4. Emerging research maturity – In fields like digital marketplaces or energy, POPIA-focused research is still in early stages, with relatively few contributions achieving methodological or conceptual maturity that meets high-impact journal thresholds. 

  The low average for the health sector is particularly notable, given its prominence in the volume of POPIA literature. This suggests a mismatch between research quantity and the quality or ranking of publication outlets. Possible explanations include publication in specialized bioethics or public health law journals that, while thematically relevant, often have modest citation metrics compared to leading technology or law journals. Overall, the data highlights a clear stratification in publication impact, where sectors with high global regulatory relevance and technological sophistication (finance, SMEs) outperform more localized or emerging domains in scholarly visibility. This suggests a need for targeted strategies to elevate the publication profile of underrepresented sectors such as fostering interdisciplinary collaborations, adopting comparative international methodologies, and aligning research outputs with the editorial priorities of higher ranked journals.

Comments 14 [Thanks for the numerous modifications. The modifications mentioned inside the cover letter is fine to me but some of them have not been clearly reflected inside the modified article especially comments #13 & 14.

Response: Quality Assessment and Inter-Rater Reliability]

The quality assessment was designed to ensure transparency, methodological rigor, and high inter-rater reliability. Initial scoring and data extraction were performed by one researcher, after which two additional team members independently verified the results. Three reviewers each with expertise in data privacy, legal policy, and systematic review methodology and independently assessed every study against the predefined criteria in Table 4.1. The review team comprised a PhD candidate in Information Governance, a data protection legal scholar, and a computer science professor with extensive SLR experience as presented below:

• Reviewer A – PhD candidate in Information Governance, specialising in African data protection frameworks.
• Reviewer B – Legal scholar in data protection and privacy law.
• Reviewer C – Professor of Computer Science with extensive SLR and bibliometric analysis experience.

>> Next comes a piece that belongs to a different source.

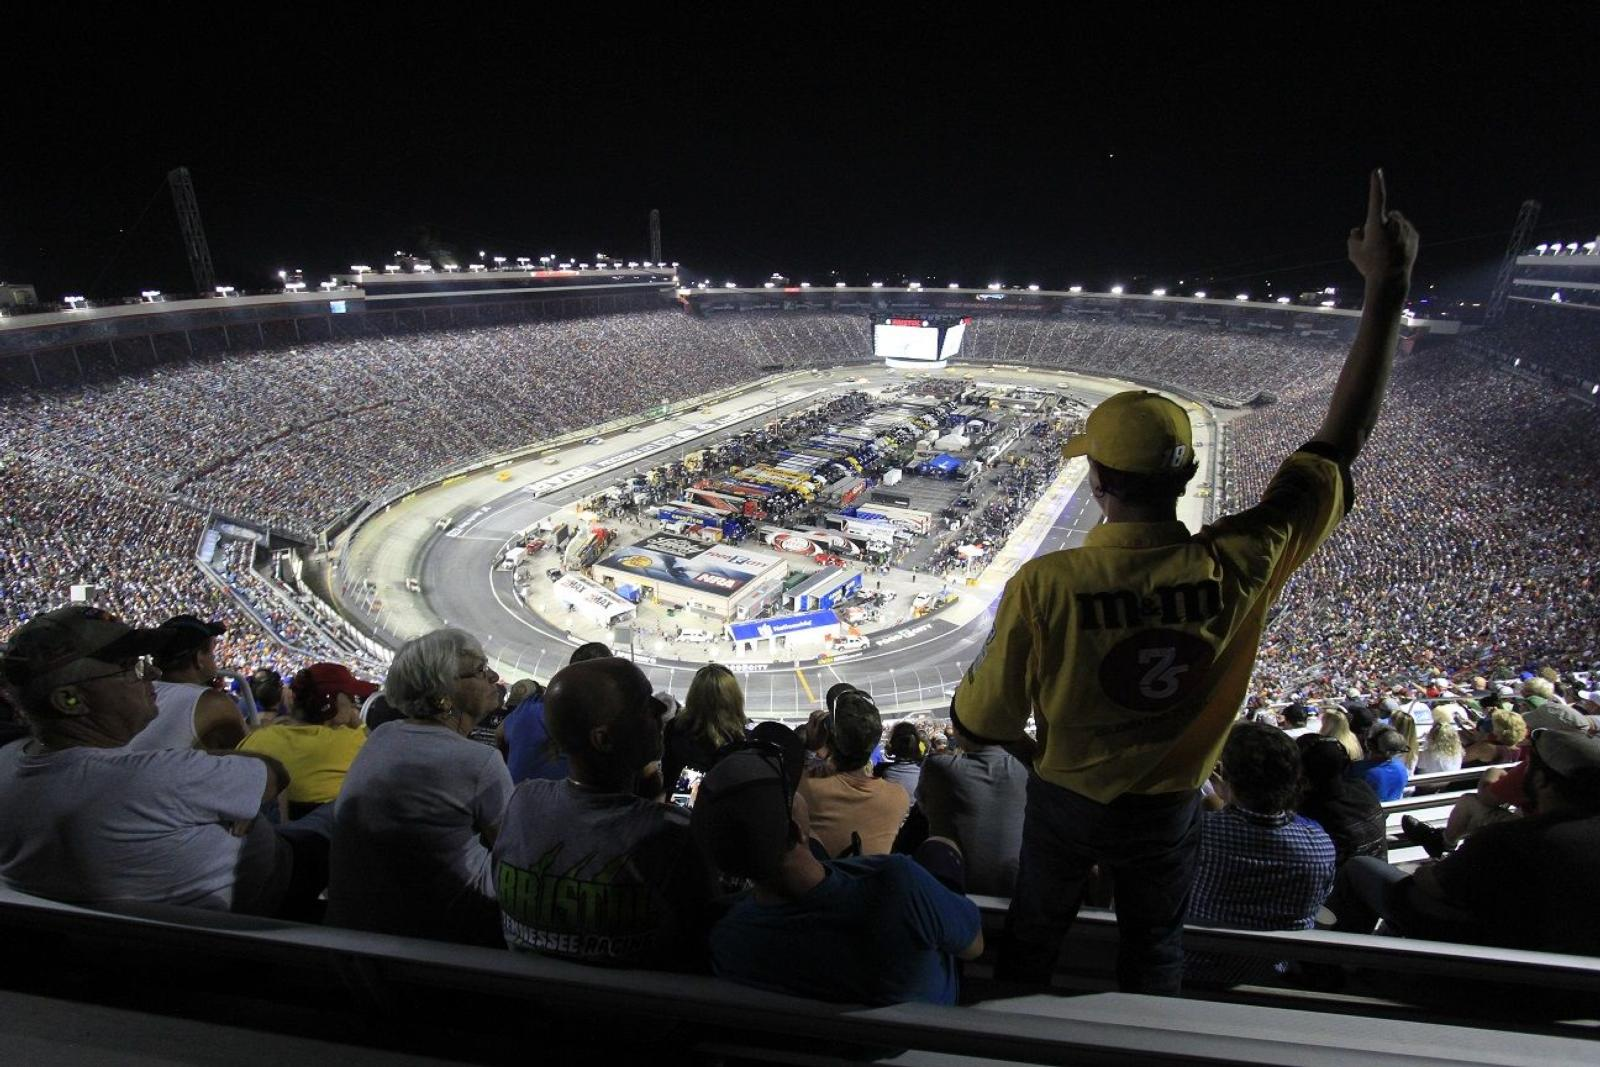 bristol night race 2020 tickets

To minimise bias and potential groupthink, initial scoring was anonymised. Structured consensus meetings followed, during which reviewers justified their assessments with direct reference to the scoring criteria and supporting evidence. Disagreements were resolved through iterative discussion until full consensus was reached before final inclusion or exclusion decisions.

Inter-rater agreement was evaluated using Cohen’s Kappa statistic, which adjusts for chance agreement. The resulting coefficient was 0.82, indicating almost perfect agreement according to Landis and Koch’s (1977) benchmark scale. This high κ value confirms the consistency and reliability of the scoring process.

Kappa Calculation Method:

Please see attached PDF file. I was unable to copy the Kappa calculations.

Author Response File: Author Response.pdf

Reviewer 3 Report

Comments and Suggestions for Authors

The revised paper meets the standards for publication.

Author Response

Comment 1 [The revised paper meets the standards for publication.

Response [ Thank you and much appreciated for the comment.